File "/usr/local/lib/python3.6/dist-packages/yaml/scanner.py", line 292, in stale_possible_simple_keys
"could not find expected ':'", self.get_mark())
yaml.scanner.ScannerError: while scanning a simple key
in "/root/template/template.yaml", line 30, column 5
could not find expected ':'
in "/root/template/template.yaml", line 31, column 3

The reason is, there is no pod template file in /root/template/template.yaml inside the container.

In order to provide such configuration I should either build the template file in the container's image or attach a volume from a secret as suggested here: https://github.com/allegroai/clearml-agent/tree/master/docker/k8s-glue

I'll try the latter and hope to be able to get back to you with some useful info this afternoon.

[valeriano-manassero]

This is unexpected, during my tests I had this file generated from the configuration I posted here (it's under agentk8sglue.podTemplate ). Can you please share values.yaml used?

[stefano-cherchi]

Ok I've been digging deeper in my setup and it turned out that all sorts of problems were caused by the fact that I had all the clearml-server services deployed in the default namespace, while the glue agent tries to spin up the new pods in the clearml namespace.

This seems to be hardcoded somewhere in the templates, although I'm not sure: it seems to be defined in the argument namespace=args.namespace but I couldn't find the name of the ENV variable to override it in the values file (not a big issue).

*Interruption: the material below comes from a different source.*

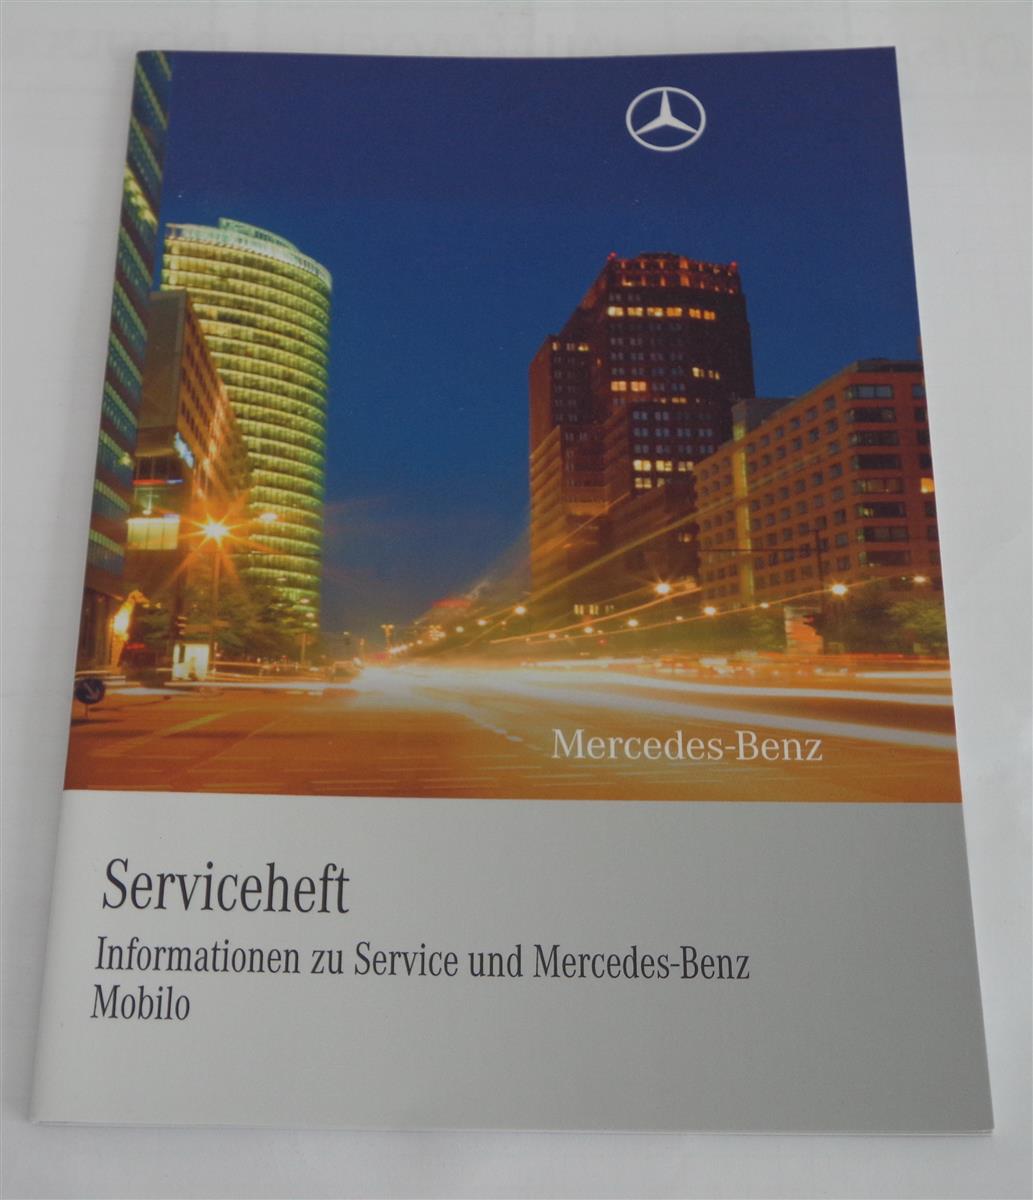 Info zum Serviceheft Mercedes Benz CLS Typ 218 + Mobilo von 04

Anyway, by the time I reconfigured my Ingress and clearml-server release to be deployed in the clearml namespace, everything magically fell into place.

Now the configurations added in the Container section of the UI are passed to the agent like before. In fact, having the experiments running in actual Pods is even better, because it provides better visibility and flexibility:

Absolutely sweet! Thank you so much for your support @valeriano-manassero. Owe you a beer!

[valeriano-manassero]

Super happy to hear it worked. I noticed the issue with namespace and I will try to fix it in next version using k8sglue as default. Will keep this issue open until new release. Ty!

[valeriano-manassero]

With release of 3.10, issue with namespace should be fixed. Ty for helping!